Is it better to live in a state with no income tax?

People may find more flexibility in their budget when they don’t have to worry about paying state tax. They’ll also likely have an easier (and potentially more affordable) experience when it’s time to file their taxes.That said, residents may find they’re paying more in other taxes — such as sales and property taxes — and may encounter higher costs outside of things like housing and food.

What is the most tax-friendly state?

Alaska is objectively the most tax-friendly state, as it places the lowest tax burden on its citizens overall. However, that may be balanced by the state’s higher cost of living.

Keep in mind that the most tax-friendly state for your situation depends on a few factors, like your main source of income (paycheck, capital gains, etc.), your propensity for spending (how often you’ll encounter sales tax), and property ownership (do you own or rent your home?).

Which states have no state taxes at all?

Only two states — Alaska and New Hampshire — have no state income taxes or statewide sales taxes. However, in Alaska, local municipalities can impose their own sales taxes, and in New Hampshire, property taxes are high.

What happens to public services if there is no income tax?

Without a state income tax, states must use other funding to pay for public services.

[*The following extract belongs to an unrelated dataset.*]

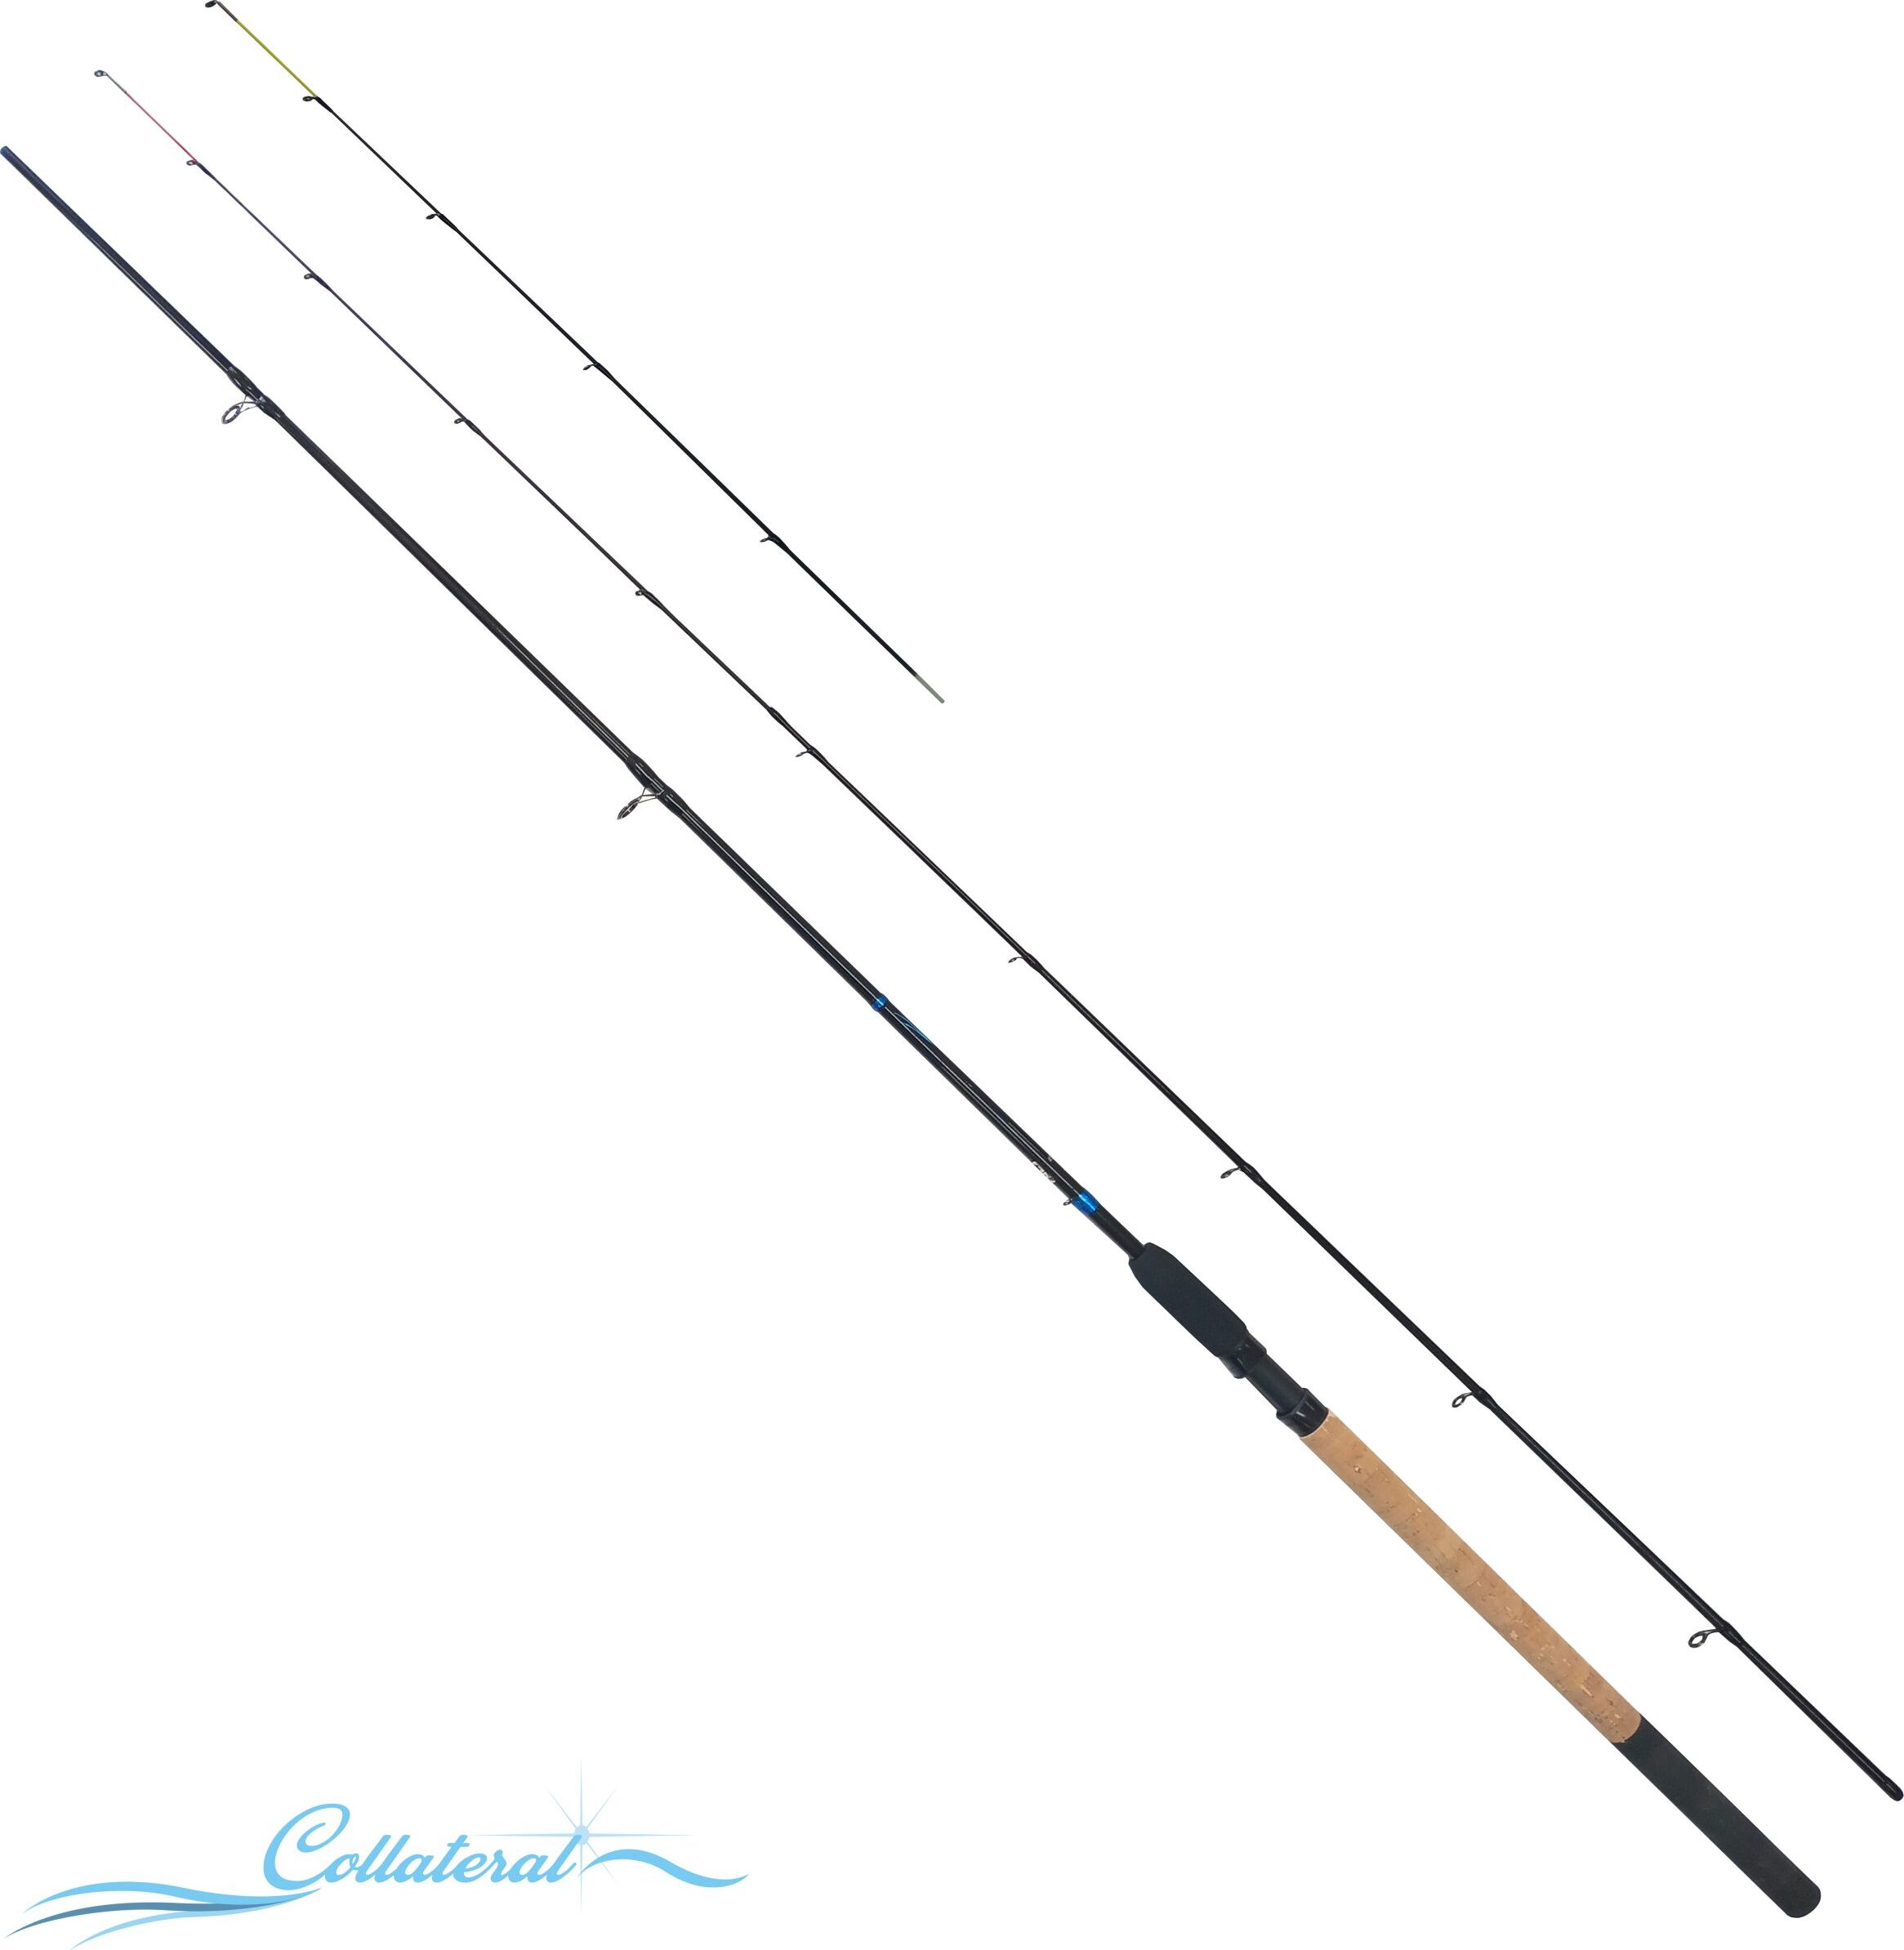 Collateral - 9ft / 2.7m 2 Piece Feeder Fishing Rod/Quiver/Leger With 2 Quiver Tips - One Full Carbon & One Fibreglass - Ideal For Bottom Feeding

These include state sales taxes; property taxes; excise taxes on specific goods and services, such as alcohol and fuel; and fees for utilities, among other things. These taxes can add to an individual’s overall tax burden.

Does living in a no-income-tax state affect my federal taxes?

Living in a state with no income tax does not directly affect your federal taxes since federal taxes are calculated based on federal tax laws. You’ll pay federal income tax on your taxable income.